Pauvre petit Bart riche
« Seul, tout seul, sur cette plage, pauvre petite fille riche », mélodiait Claude François dans une de ses premières chansons. Et après avoir vu Terzake lundi soir, où les présidents des partis flamands principaux commentaient leur victoire et évoquaient la formation à venir, j’éprouvais un sentiment similaire envers Bart De Wever (N-VA, nationaliste-flamand). Riche en voix, mais tout seul. En voyant l’attitude de Wouter Beke (CD&V, démocrate-chrétien) et de ses collègues de gouvernement, on se dit que Bart risque bien de ne pas trouver, dans un avenir proche ou lointain, de raisons de pavoiser.
Car un phénomène assez nouveau est apparu en Flandre, du moins par rapport à la victoire d’Yves Leterme en 2007. Les partis traditionnels ne se contentent plus de défendre leur politique d’un point de vue exclusivement flamand, mais soulignent les avancées fédérales. Non sans humour parfois, comme lorsque Gwendoline Rutten (Open VLD — libéraux) fait remarquer que dans ce gouvernement dirigé par un socialiste, Elio Di Rupo, seuls les socialistes ont été sanctionnés, les libéraux étant sortis gagnants du scrutin. Bruno Tobback, président des socialistes flamands lui rétorque, hilare, que « Madame Rutten veut plus de gouvernements avec des ministres socialistes ».
Le genre d’humour qui tord le cou à l’antisocialisme furi-Bart.
Le fait est que cette fois, les partis de la coalition n’ont pas été sanctionnés au Nord, ils ont même progressé. Ceux qui ont participé au gouvernement Di Rupo ont suffisamment crû pour obtenir une majorité en Flandre, ce qui leur manquait depuis 2010. Entouré des présidents du CD&V et de l’Open VLD, Bart De Wever apparaissant sur la défensive. Ses partenaires potentiels aux niveaux flamand et fédéral ont pu s’offrir le luxe de pratiquement le sommer de leur faire une proposition concrète — tant au niveau flamand que national —, sur laquelle ils jugeraient de leur participation ou non à un gouvernement avec la N-VA.
Un retournement spectaculaire !
Le retournement est spectaculaire. Alors que la N-VA avait, en publiant très tôt des textes de congrès radicaux, pris la main dans la campagne, elle se retrouve à devoir ratatiner son propre programme pour espérer séduire les autres partis ! Pour la formation fédérale, c’était encore pire : chacun semblait très conscient que mettre les gagnants francophones des élections (PS, MR et CDH) à la même table de négociations que Bart De Wever n’allait pas de soi. Au contraire. Et l’empereur d’Anvers (concurrent de l’empereur de Mons), de reconnaître qu’avec le PS, ce serait… comment dire… enfin voilà.
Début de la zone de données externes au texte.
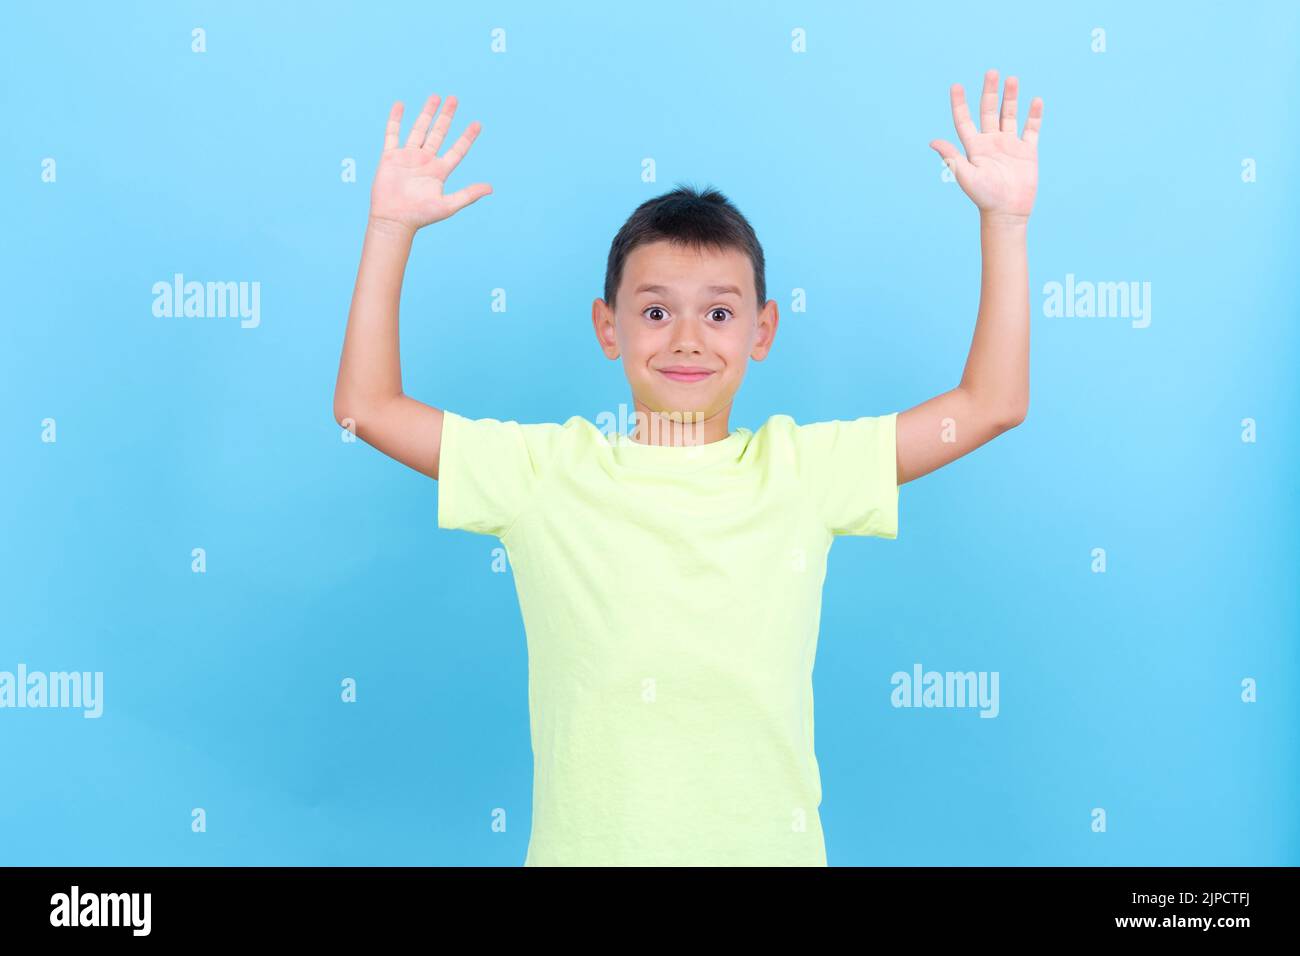 un garçon de 8 ans lève les mains d'un geste surpris Banque D'Images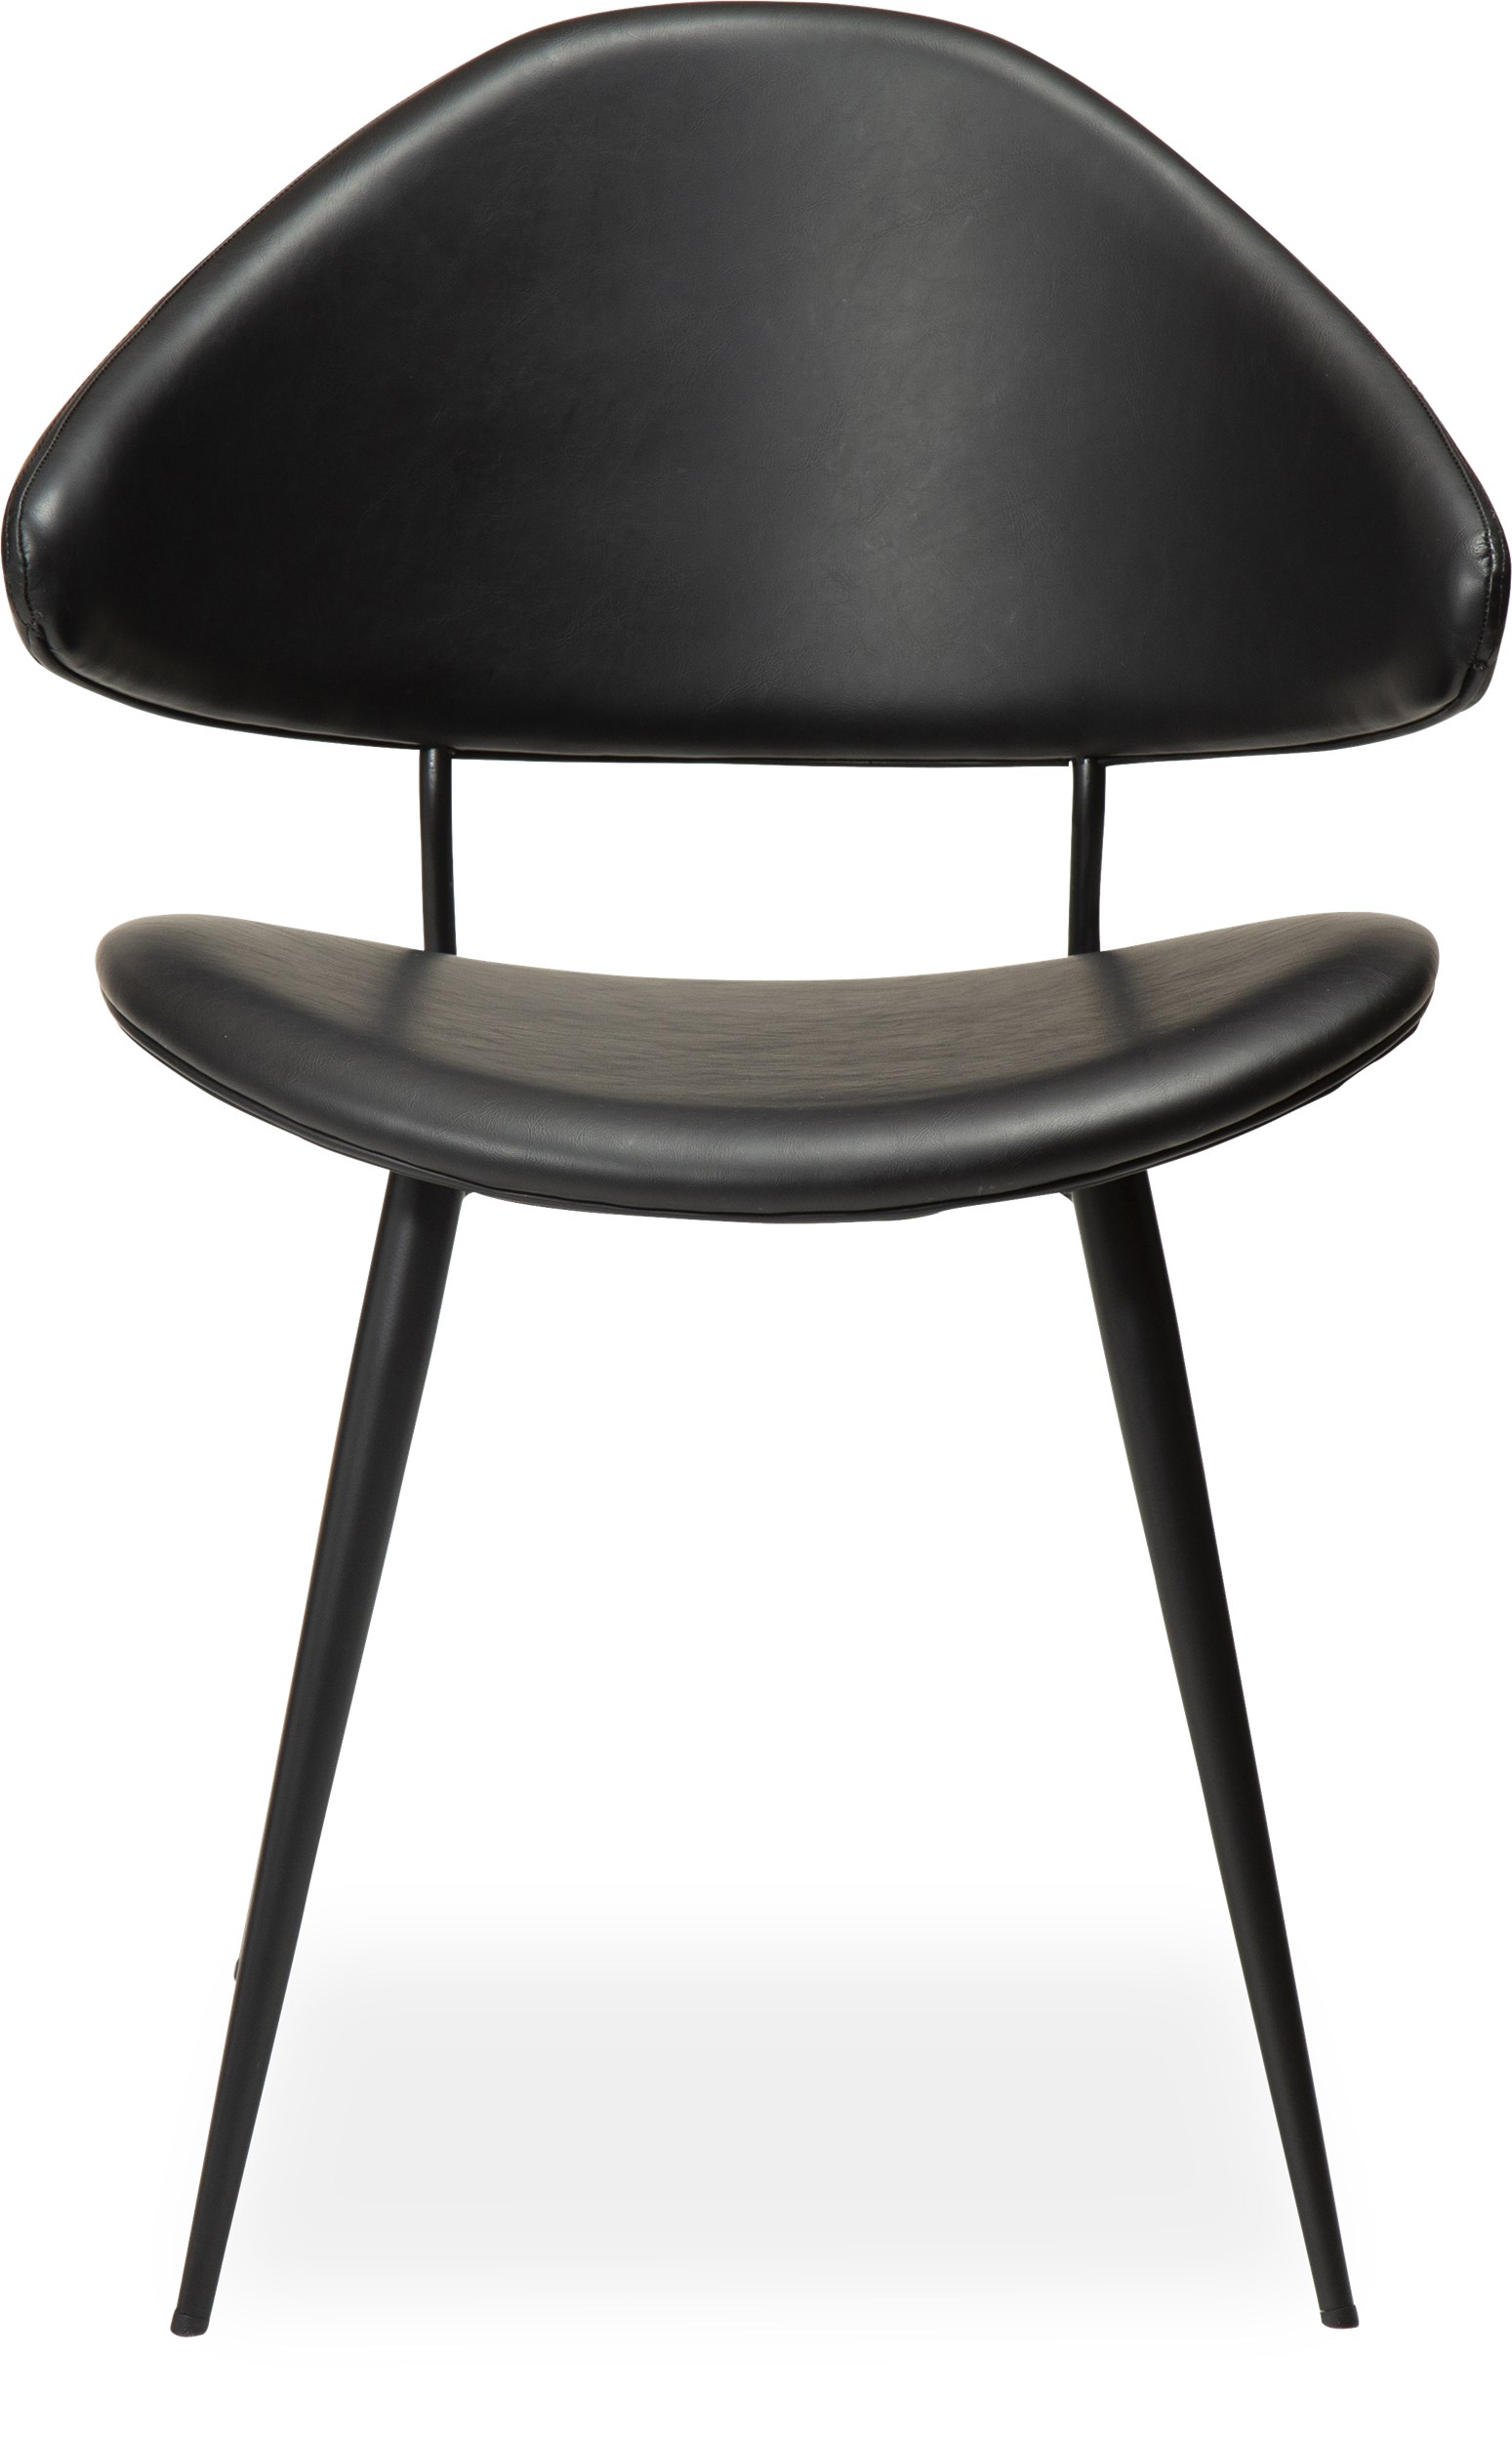 Napoleon matstol - sits i svart vintage konstläder och runda ben i svartlackerad metall

Tout seul, isolé, bardé de voix dont il aura bien du mal à faire usage utilement au gouvernement belge — même s’il peut encore espérer former un gouvernement flamand, — Bart De Wever est aujourd’hui à la merci de trois partis flamands qui, ensemble, ont obtenu la majorité des voix en Flandre et de trois partis francophones qui semblent, déjà, vouloir passer rapidement l’épisode De Wever pour engager les négociations pour une prolongation du gouvernement papillon qui, s’il n’est idéal pour personne idéologiquement parlant, parvient apparemment à satisfaire suffisamment de Belges pour être reconduit rapidement. C’en est au point que Didier Reynders continue à « préférer » un gouvernement sans la N-VA. Le contraste avec 2010 est saisissant : il y a quatre ans, au sortir des élections, tout le monde avait reconnu qu’il faudrait parler avec Bart. Reynders avait évoqué un parti « très démocratique » (sic). Elio Di Rupo avait reconnu la victoire nationaliste et engagé des tractations.
Yvan Mayeur, mammouth enragé dans un magasin de vitraux en cristal.
Aujourd’hui, rien de tout cela. On frôle même l’insulte quand Yvan Mayeur, maladroit comme un mammouth enragé dans un magasin de vitraux en cristal, explique que le parti s’apprête à « faire faire quelques tours à De Wever comme informateur » avant de reprendre la main. Le genre de maladresse à ne pas reproduire : l’électeur N-VA a droit à un minimum de respect. Mais elle montre bien que les esprits sont déjà formés à l’après-informateur-De-Wever. Comme je l’explique aujourd’hui dans Paris Match Belgique, et comme je le disais déjà une semaine avant les élections, Bart n’a pas, comme il l’affirmait dans Terzake, « un beau jeu » ou « toutes les cartes en main ». Il a bien toutes les têtes, mais aucune de la même couleur. Une reine de cœur avec un roi de trèfle n’ont jamais fait une paire. Et le pire, c’est que c’était inscrit dans les astres. Comme je l’ai dit, des mois avant les élections : la N-VA n’a aucun intérêt à monter au gouvernement fédéral, et le gouvernement fédéral n’en a aucun à intégrer un parti indépendantiste. La logique et la mathématique sont souvent tordues par les politiciens, mais là, on touche à des axiomes.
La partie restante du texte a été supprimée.